-- Opening Marker --

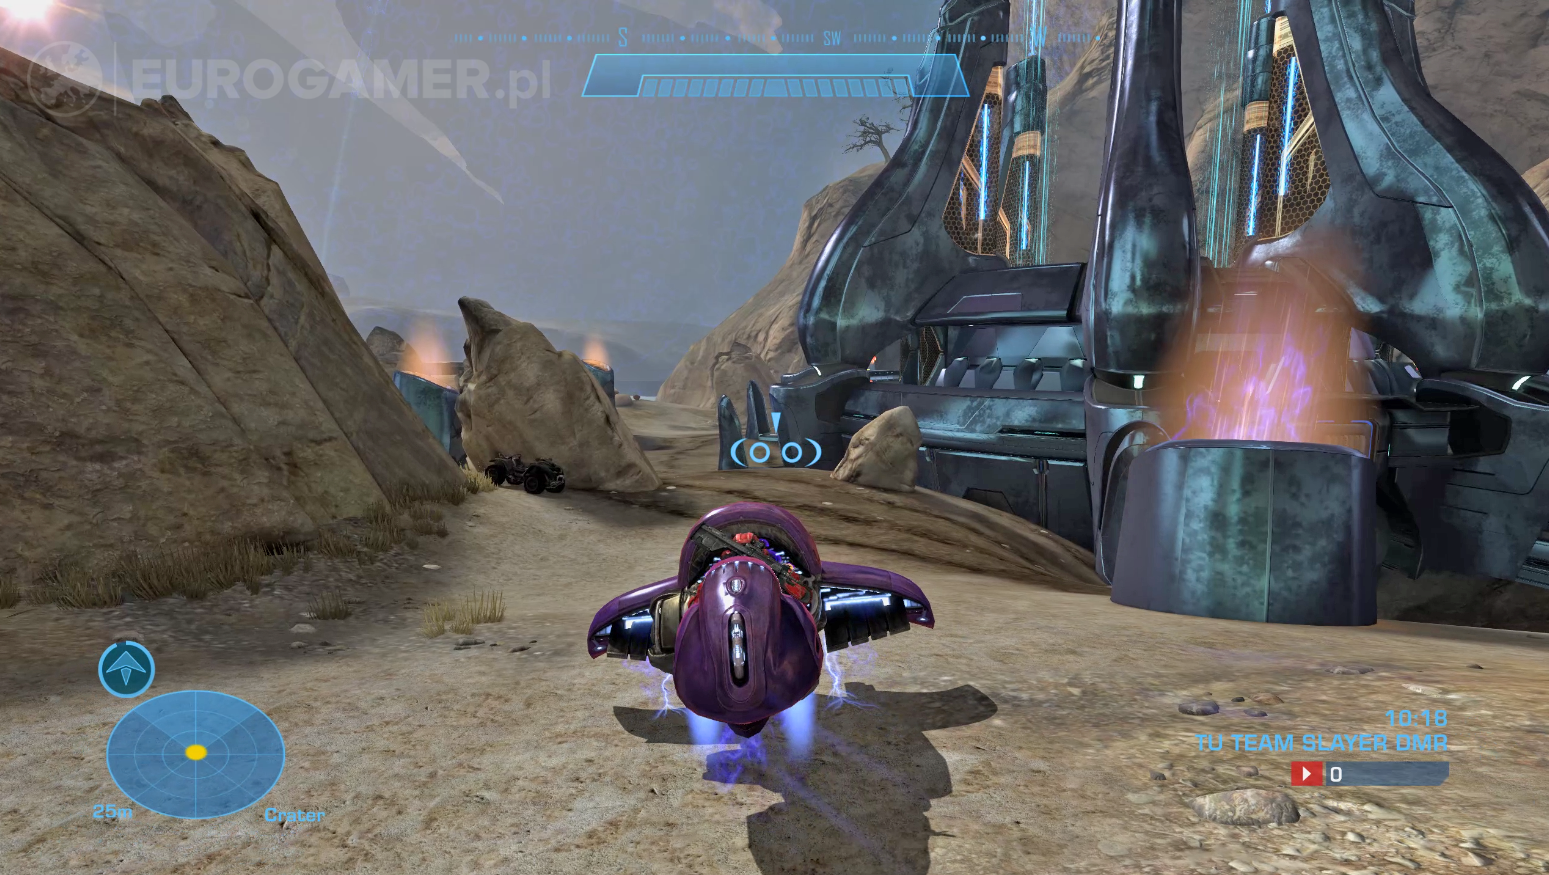 Obrazki dla Halo: Reach - pojazdy, gdzie są i jak z nich korzystać
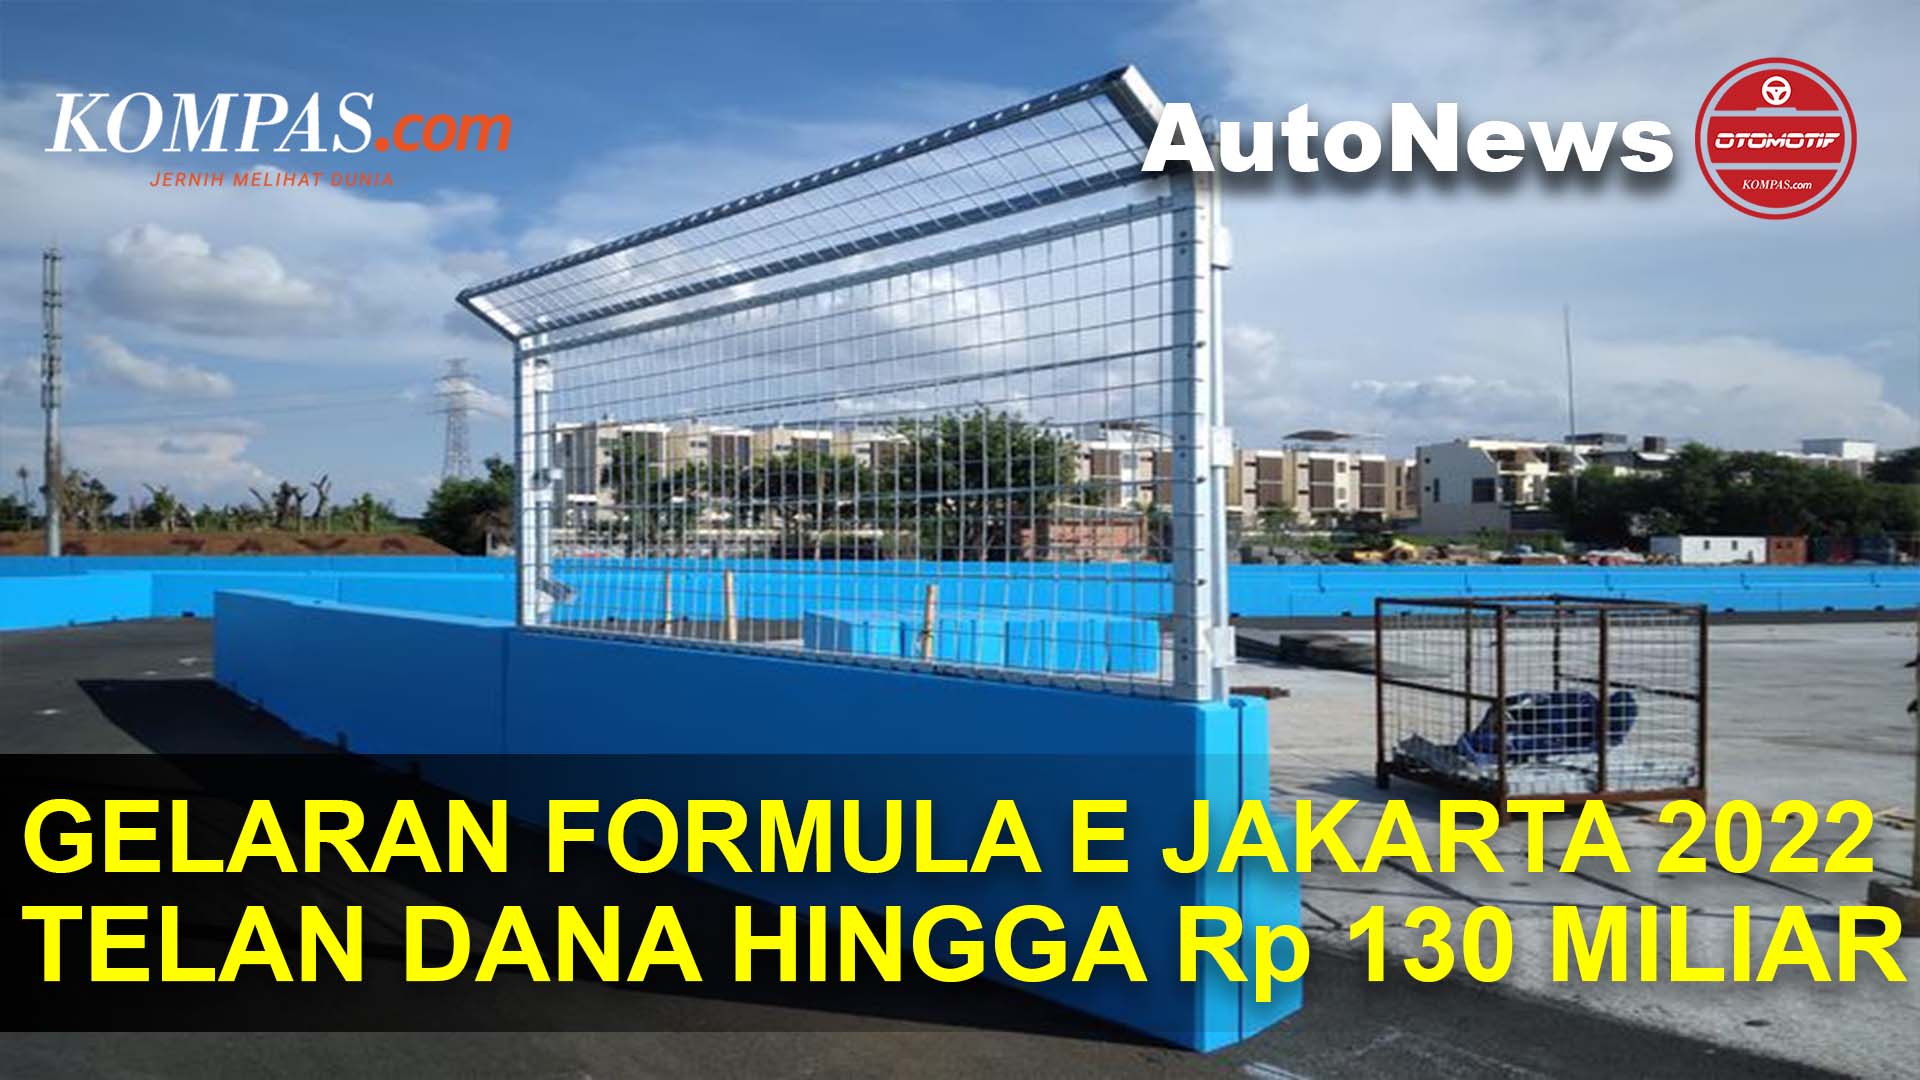 Panitia Sebut Gelaran Formula E Jakarta Jakarta Telan Dana Hingga Rp 130 Miliar
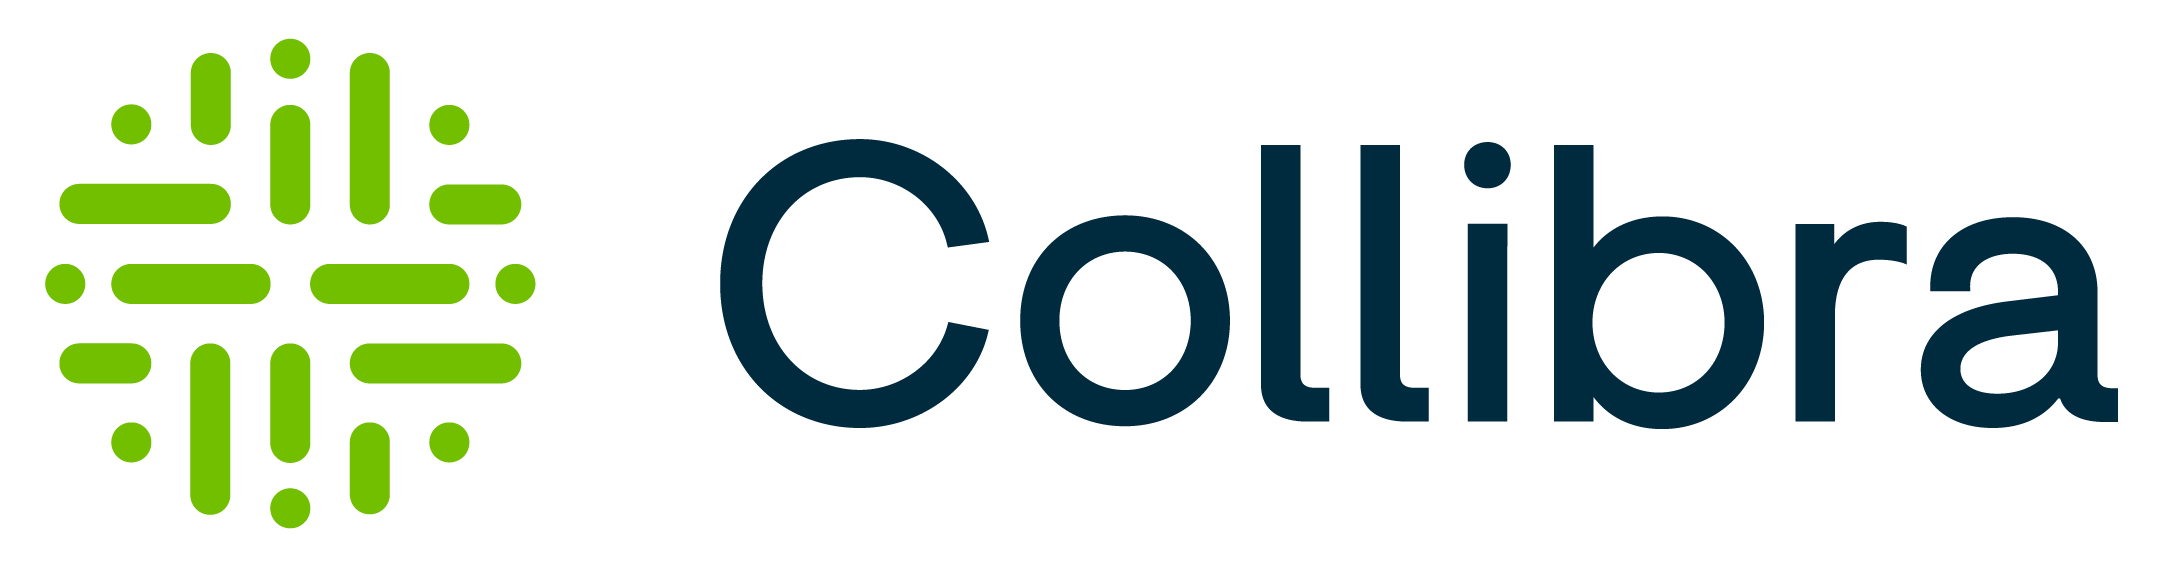 Collibra-Logo-RGB-FullColor

-- Closing Marker --

▶ _Prompt_
Omit every picture, then reproduce the rest of the listing exactly.

▶ _Worked solution_
 Obrazki dla Halo: Reach - pojazdy, gdzie są i jak z nich korzystać
 Panitia Sebut Gelaran Formula E Jakarta Jakarta Telan Dana Hingga Rp 130 Miliar
 Collibra-Logo-RGB-FullColor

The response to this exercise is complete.